Como o resultado “antes dos juros” revela a saúde fiscal do país, por que ele influencia crédito, câmbio e investimento, e o que a estratégia do governo Lula indica para 2026 e além.
O superávit primário parece um termo distante, mas ele funciona como um termômetro do Estado: mostra se o governo consegue bancar suas despesas do dia a dia antes de pagar os juros da dívida. Quando essa conta melhora, tende a reduzir desconfiança, aliviar pressão sobre juros e estabilizar expectativas; quando piora, a economia costuma reagir com mais risco, dólar sensível e crédito mais caro. Neste artigo, eu explico de forma direta como essa conta é construída, por que ela virou peça central do arcabouço fiscal e como interpretar os planos do governo Lula para buscar (ou ao menos não perder) o superávit — sem cair em torcida, só com método e clareza.
Introdução: por que o superávit primário virou assunto de todo brasileiro
Você já reparou como certos termos aparecem de repente e tomam conta do debate? “Arcabouço”, “meta fiscal”, “resultado primário”, “banda de tolerância”… Parece que o país virou uma reunião permanente de planilhas. Mas por que isso acontece?
Porque, no fundo, o superávit primário é uma forma de responder a uma pergunta simples e cruel: o Estado consegue pagar suas despesas do dia a dia sem aumentar a dívida? E quando a resposta fica incerta, todo o resto fica instável: juros, câmbio, investimento, emprego, preço do mercado, custo do crédito.
O objetivo aqui é te dar uma lente para enxergar isso com clareza — sem virar economista, mas também sem cair em “frases prontas”. Vamos destrinchar o que é superávit primário, por que ele importa e como entender a estratégia do governo Lula à luz das regras atuais (BRASIL, 2023; BRASIL, 2025).
O que é superávit primário (sem economês)
Superávit primário é o “saldo do mês” do governo antes dos juros. Imagine sua vida financeira: você recebe, paga contas, compra comida, paga escola, gasolina, plano de saúde… e só depois lembra do cartão, do financiamento, do empréstimo.

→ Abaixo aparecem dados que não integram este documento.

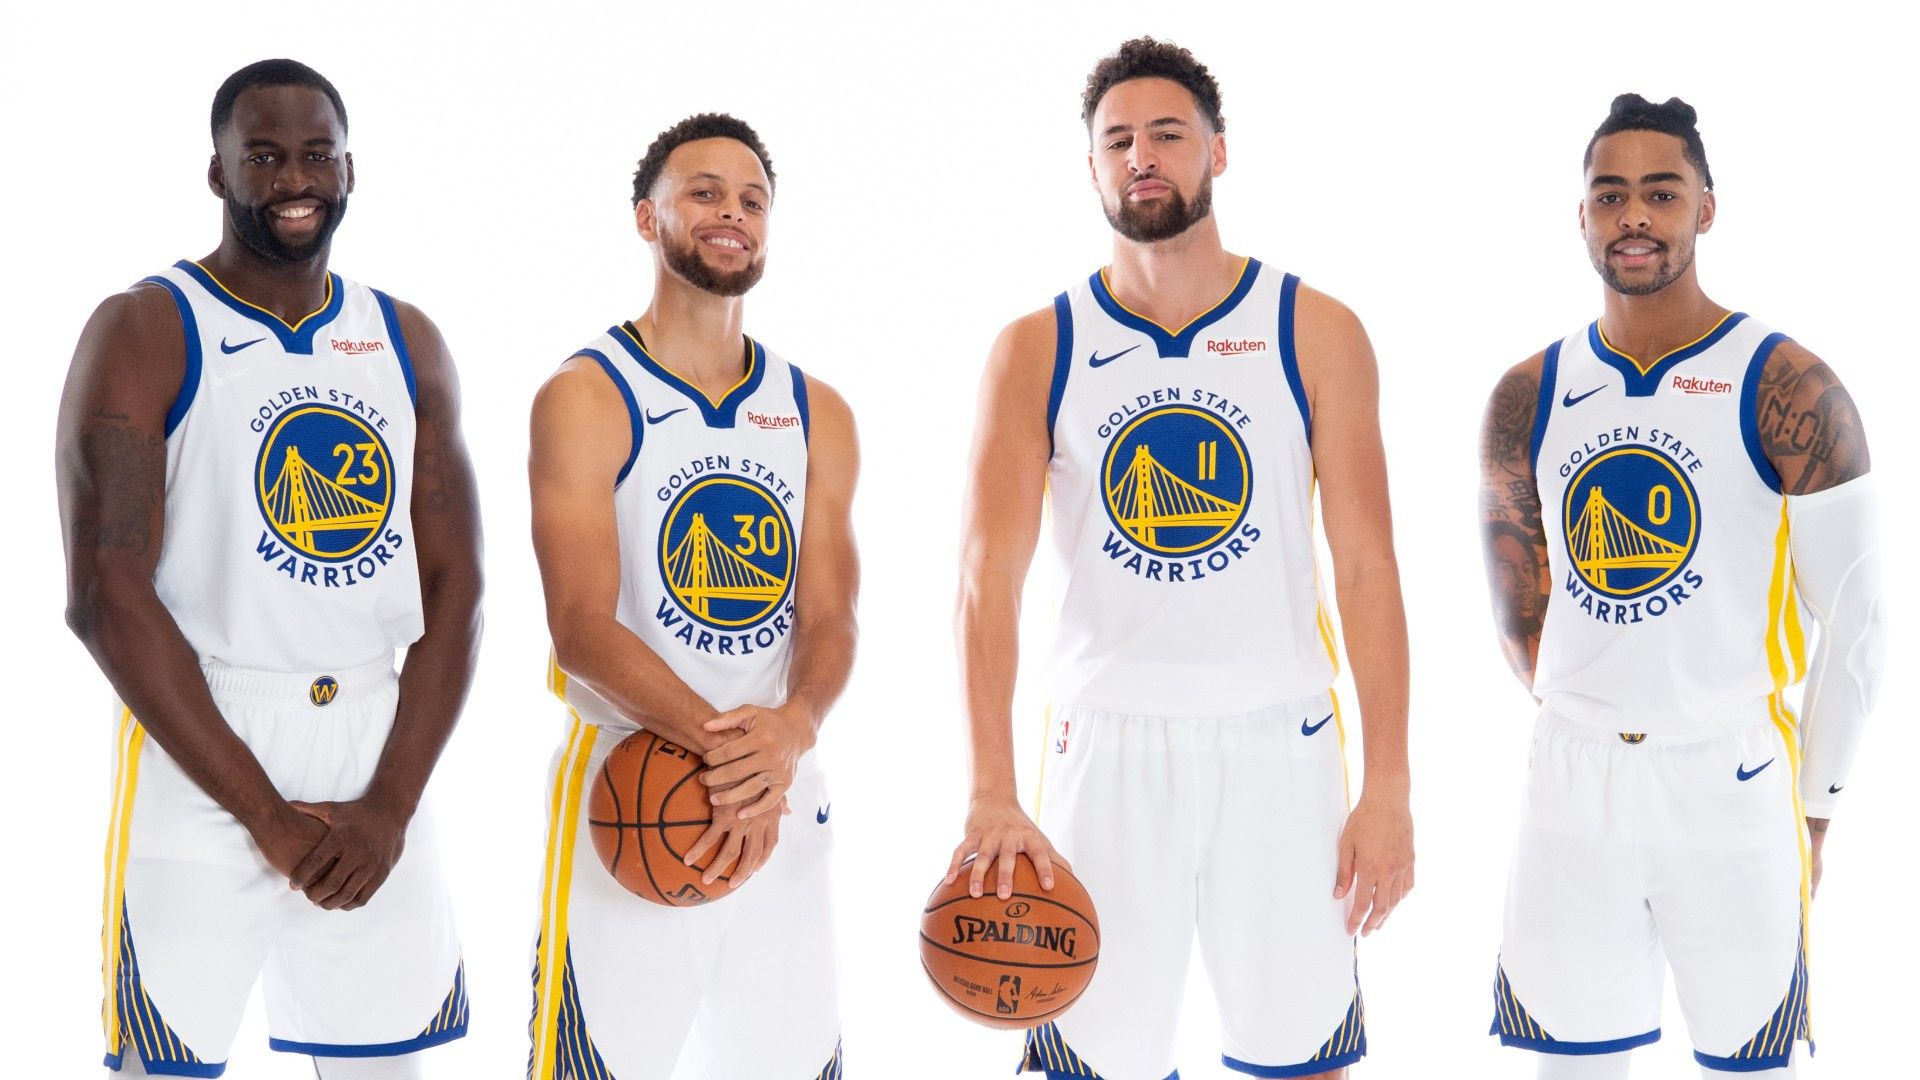 New Season, New Look: Meet the Warriors' Revamped Roster

O governo faz algo parecido: primeiro ele arrecada e paga despesas públicas. O que sobrar (ou faltar) antes de juros é o resultado primário.
Tecnicamente, o primário é o componente não financeiro do resultado fiscal e pode ser entendido como o resultado nominal menos juros nominais apropriados (BANCO CENTRAL DO BRASIL, 2018; BANCO CENTRAL DO BRASIL, s.d.).
Se isso parece “abstrato”, guarda a regra prática:
- Superávit primário: sobrou dinheiro para ajudar a pagar parte dos juros ou reduzir necessidade de dívida.
- Déficit primário: faltou dinheiro mesmo antes dos juros; a dívida tende a crescer mais.
Do que ele é “feito”: a anatomia do resultado primário
Receitas primárias: o que entra na conta
Aqui entram receitas correntes e patrimoniais típicas do Estado: tributos e contribuições, dividendos, concessões, royalties, taxas etc. Em anos de economia mais aquecida, a arrecadação tende a subir; em crise, cai. Por isso, receita é a parte do resultado primário que mais “sente o pulso” do PIB.
Tem um detalhe que sempre aparece nos bastidores: receita recorrente versus receita extraordinária. Uma concessão grande ou um bônus pode ajudar a fechar um ano, mas não sustenta o longo prazo se as despesas permanentes seguem crescendo. Fiscalmente, é como pagar contas fixas com dinheiro de “bico”: resolve o mês, mas não vira regra.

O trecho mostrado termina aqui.